Venerdì durante la commissione consiliare si è fatto il punto della situazione sicurezza e sono state portate anche alcune proposte a nome dei cittadini: come l’installazione di nuovi lampioni. Secondo lei quali sono le possibili soluzioni per rendere più sicuro il quartiere?
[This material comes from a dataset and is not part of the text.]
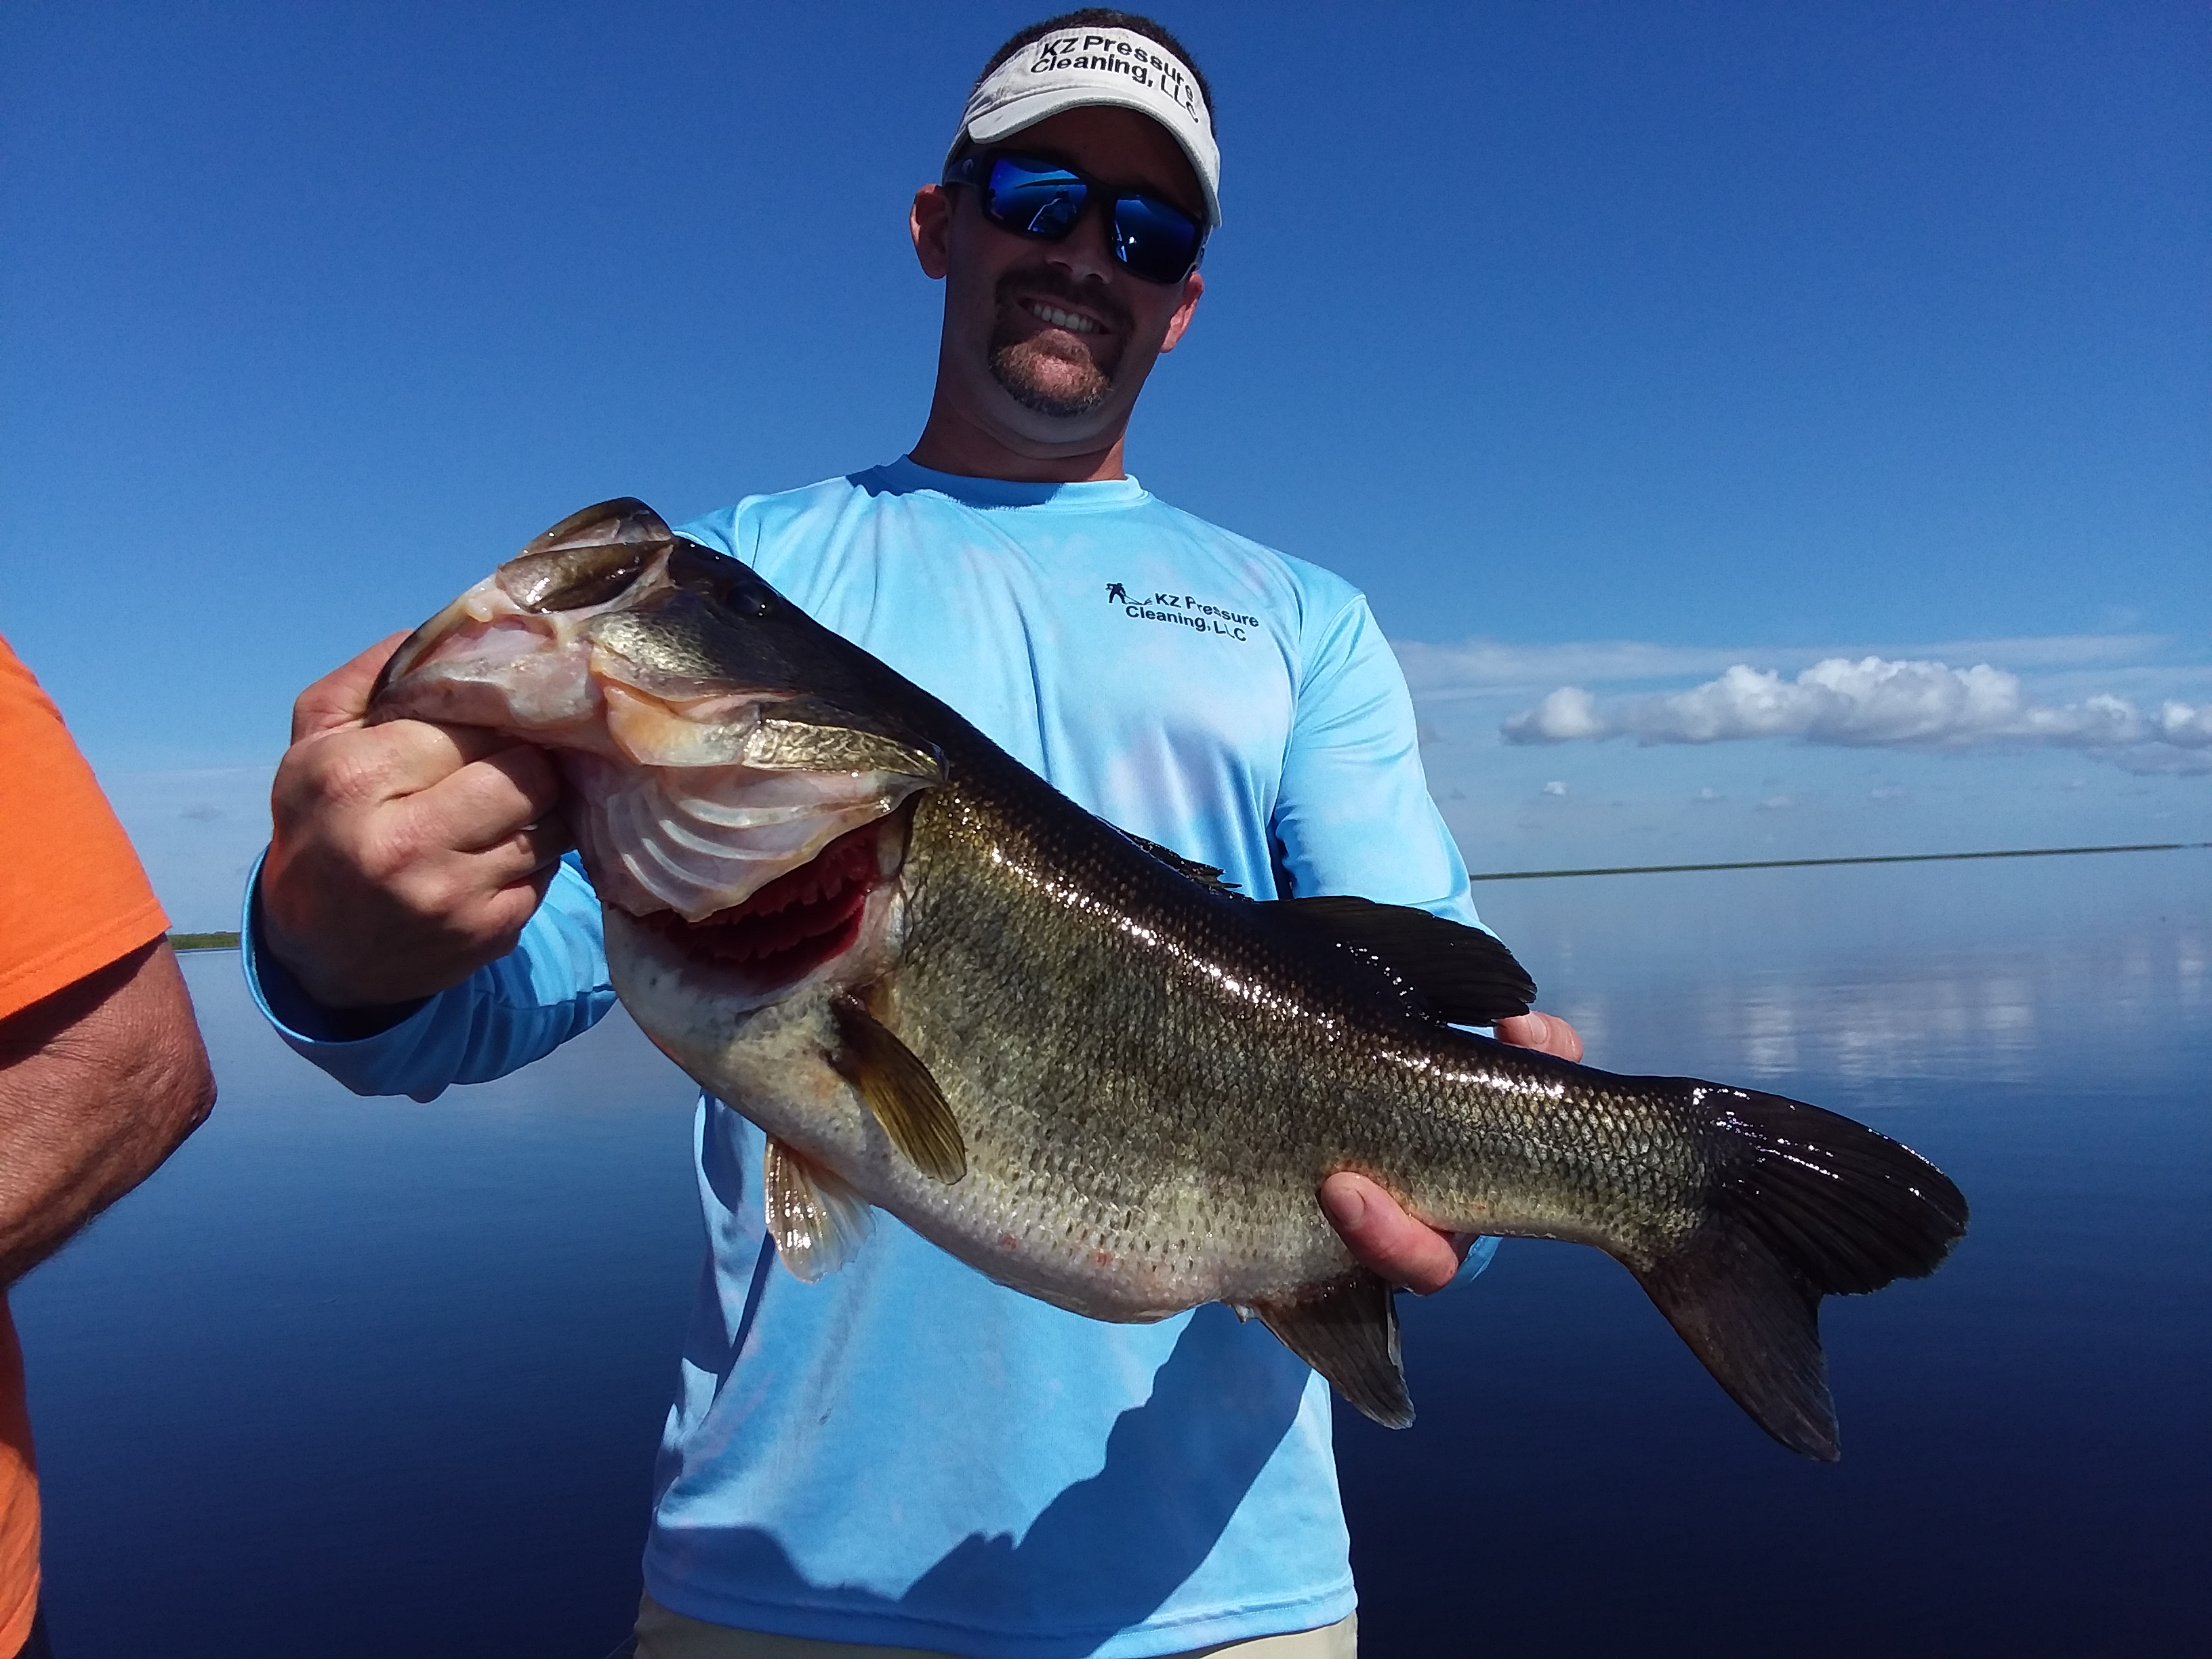 Okeechobee Fishing Guides- Okeechobee Fishing Report 11/4/19

«Noi come 2^ Circoscrizione abbiamo vissuto una stagione complicata tra le fine del 2018 e il 2019 in Valdonega, dove si erano svolti numerosi furti in abitazioni e in quel contesto avevamo proposto all’amministrazione di attivare il progetto del “Controllo di vicinato”. È un progetto che viene siglato con un protocollo di intesa tra la Prefettura e i comuni e Verona ha sottoscritto il protocollo nel 2019, ma è rimasto solo sulla carta e non ha avuto un risvolto pratico. Il controllo di vicinato risponde a un diritto dei cittadini: quello di essere e sentirsi sicuri attivando una serie di reti sui quartieri in modo che ci sia una collaborazione dei cittadini. Il controllo di vicinato, che abbiamo sollecitato all’assessore Padovani venerdì scorso, porta avanti anche una formazione per i cittadini, che possono segnalare sia i furti, che i tentati furti, senza sostituirsi alle forze dell’ordine».